Similarly, Web+ initially doesn't seem to freeze the cursor, but eventually it goes back to its old ways. Maybe rather worse than with the standard build -- not sure. (It looks as if the freezes are associated with W+'s "offscreen" window, which seemed to show activity peaks in top's display at the same time. Bezilla typically does not freeze, though there is slight hesitation in the cursor when it is doing heavy window drawing.)

Finally, I didn't find the hoped-for improvement in audio glitching. Moving a window still causes just as many 'crackles' as before, despite the supposed higher priority of audio. (This is again real-time audio. The media player with it's large buffer doesn't normally glitch.)

in reply to:  54 comment:55 by Pete, 12 years ago

Replying to Pete:

I've done a little more investigation, and I probably shouldn't have been quite so pessimistic. In particular:

Finally, I didn't find the hoped-for improvement in audio glitching. Moving a window still causes just as many 'crackles' as before, despite the supposed higher priority of audio.

I was using Csound for this, which was not the best choice. I have to use a very small audio buffer (64 bytes) to keep the latency low. (Not the audio-chain latency -- this is Csound's fault, in the way it generates the audio.) My MusicWeaver/fluidsynth stuff can use a more sensible buffer size (960 bytes), and has much better behaviour. Most of the time...

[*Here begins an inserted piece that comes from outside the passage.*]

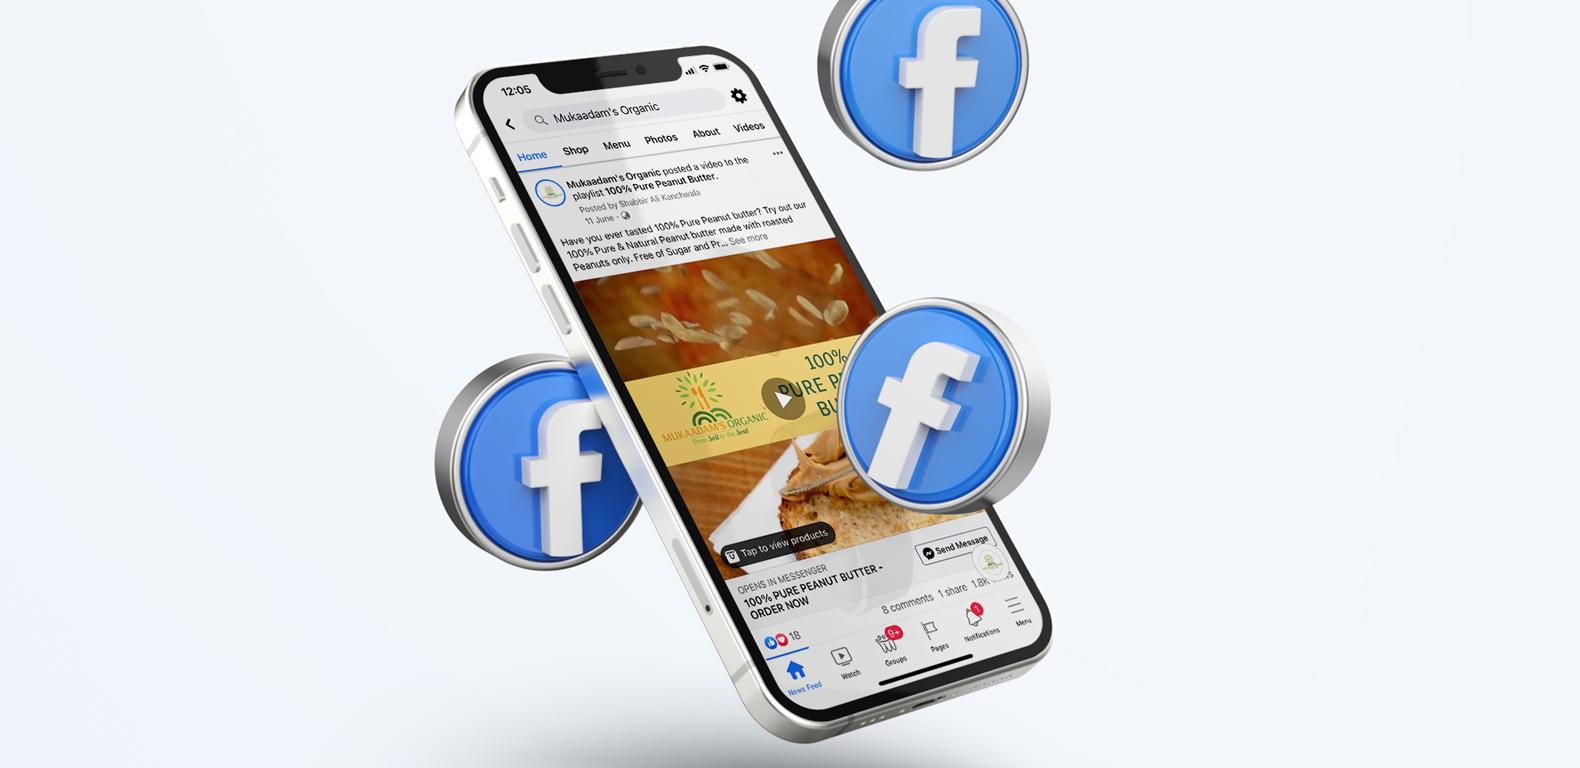 social-media-marketing-mukaadams-organic-facebook-posts-4

I find that I can fire up a live music configuration, and play fluidsynth with *no* audible glitches, even when I move windows around. This is vastly different from my experience without the patch, where window movement causes continual crackles.

In this condition, it's the app_server (I guess) that slows down! Only when the screen contains windows belonging to the audio app, though; other workspaces seem normal. Window movement starts lagging behind the cursor. I can understand this if the audio threads are getting preference, except that the total load on the CPU (shown by 'top') doesn't seem excessive -- about 7-10%. And, as I say, it's only when related windows are visible. In any case it's much preferable to ugly audio!

However... things don't always seem to work this way. I seem to still be able to get into a situation where window movement interferes with audio, and it then continues this way, much like without the patch. I haven't been able to determine what causes the switch, but I'm going to run the patched system as standard for a while, to see if I can figure out what's happening.

comment:56 by Pete, 12 years ago

After a little more work, I've tracked down one problem with the current patch: thread priorities can be left permanently boosted!

So far I've been totally unable to replicate the failures I thought I was seeing in audio, but I was finding Web+ unusable. I then noticed that this only happened when I had my fluidsynth stuff running. I did a 'ps -a', and noticed that W+'s main thread had priority 110 ('top' sometimes showed it using 100% CPU...)! And the MusicWeaver's main thread had the same unnatural priority! This would only happen when I started up the synth thread (which does have normal priority 110).

Going back to the normal Haiku build, none of this happens, so I assume the effect is due to a thread getting boosted to overcome a deadlock, but not getting reset when the contention is over.

comment:57 by jua, 12 years ago

After a little more work, I've tracked down one problem with the current patch: thread priorities can be left permanently boosted!

Yep, I'm aware of that, that's the bug I meant when I wrote "find a bug that I've discovered recently"... I will fix that in the next patch version. I hope to find some time to work on it again soon.

comment:58 by jua, 12 years ago

patch: 10

comment:59 by jua, 12 years ago

After finally finding time again to work on this, I recently mostly rewrote the whole thing taking into account the various comments given here and also made many other enhancements, fixes, etc. But now I'm stuck and unsure if I can finish it.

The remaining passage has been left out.